Page MenuHomePhabricator

Monitorize availability of Wikimedia websites that are not hosted by the WMF
Closed, DeclinedPublic

Description

It would be great for the Wikimedia movement that the WMF monitorized the availability of Wikimedia websites which the WMF doesn't host directly, such as:

  • websites of some Wikimedia chapters that use their own infrastructure, servers or hosting services (mainly, those which use a specific domain name for their chapter, such as wikimedia.de, wikimedia.es or wikimedia.org.uk),
  • websites of user groups and thematic organizations,
  • websites of contests like wikilovesmonuments.org or wikilovesearth.org.

A ping and a simple curl --head could be enough. At the same time, some Wikimedia chapters could be encouraged to monitorize the availability of websites hosted by the WMF from their countries by running some code provided by the WMF.

Event Timeline

Why should the SRE team put energy into monitoring sites that the foundation doesn't operate?

Gehel subscribed.

The main monitoring that we have is not public, so there is not much use in monitoring sites not managed by WMF. https://status.wikimedia.org/ is public, but is hosted by CA (if I'm right).

Lowering priority as this does not seem to match our main goals.

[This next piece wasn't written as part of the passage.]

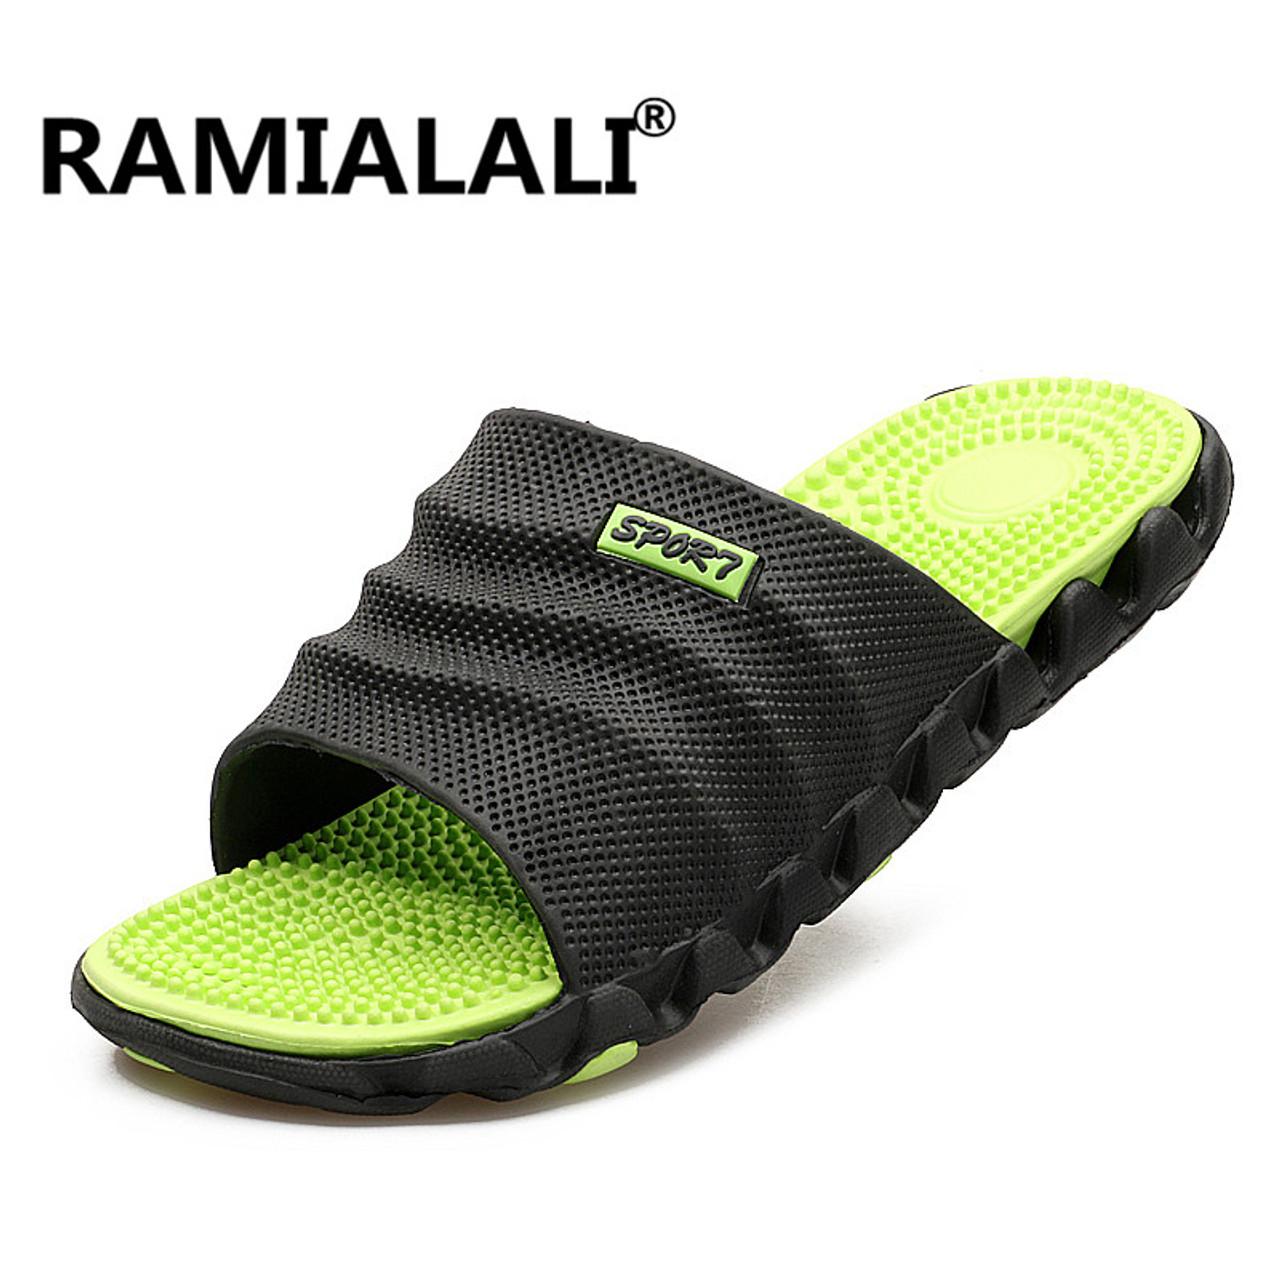 5b7b78708c64f ... Ramialali Summer Slippers Men Casual Sandals Leisure Soft Slides Eva  Massage Beach Slippers Water Shoes Men's ...

This does not preclude having that conversation and raising priority again if it make sense.

I'm not talking about a sophisticated system, but about a simple curl --head that gets the status code for every site. That's something I can run on Tool Labs or on any personal hosting, but I thought it would be better that the Operations team assumed and centralized this (effortless) task in the WMF side.

Nothing is effortless - our cognitive and alerting load is high as it is.

The problem with operations monitoring sites we don't control is that there isn't anything we can actually do to fix them. Monitoring a service is part of the task of administrating that service. I would presume the administrators of these sites do their own monitoring, which alerts those who can actually do something about any problems.

websites of some Wikimedia chapters that use their own infrastructure, servers or hosting services

I do not speak on behalf of WMF, but I would like to add my own personal thoughts:

WMF offers hosting and support for all chapters and wikis/projects that are related or in any way a benefit for the movement. We host more than 800 projects, so adding a few more is in no way an overhead, plus it integrates with existing monitoring and security procedures, plus there is a team of staffed professionals providing support 24/7 (aside from the invaluable help of numerous volunteers); with the exact same level of support as any main project.

If you do not want to get our production services, we even allow you to self-host your projects in places like labs and tool labs (and there we only provide "hosting"/"VM" support), but we still provide the infrastructure.

Despite that, there are some members that still prefer host their own servers, for many 100% valid and totally legit reasons (data protection, international laws, they just do not want to not depend on the Foundation's infrastructure, they want to practice sysadmin skills). Absolutely no problem with that, but in that case I think support from Operations should not be expected (we cannot monitor something we do not have anything to say in, and there may be even legal considerations regarding that). We also had numerous requests already from other webs we do not have nothing to do with, just because they use Mediawiki.

Again, it is only my own opinion, but the Foundation does not want to control what the users do, but it it is undoubtedly *way* more efficient to have 15 people supporting 900 wikis than them spending resources separately.

I would not be against someone asking for a grant to implement this if it helps, but if you want server managing, the first thing Operations will probably ask is to host it. What happens when monitoring fails? How can operations fix anything it has no control in any way? What if someone has privacy concerns about the checks (which whom, unlike labs or other wikis, we have agreed explicit privacy policies? What if adding that looks like we endorse certain projects, but they do not follow the strict data and user privacies required for al WMF projects? Should this have the same priority as properly fixing WMF's own infrastructure (which is in no way short of needing extra help)?

That's something I can run on Tool Labs or on any personal hosting

Agreed, which is why I would ask for this task to be declined. You can even reuse our own monitoring system which of course is publicly available.

I've created a simple tool for this purpose that is already running on Tool Labs.

I will try to continue developing it in a few days. However, any contribution is welcome.

https://tools.wmflabs.org/status/

https://github.com/davidabian/wm-status

Marking this task as declined.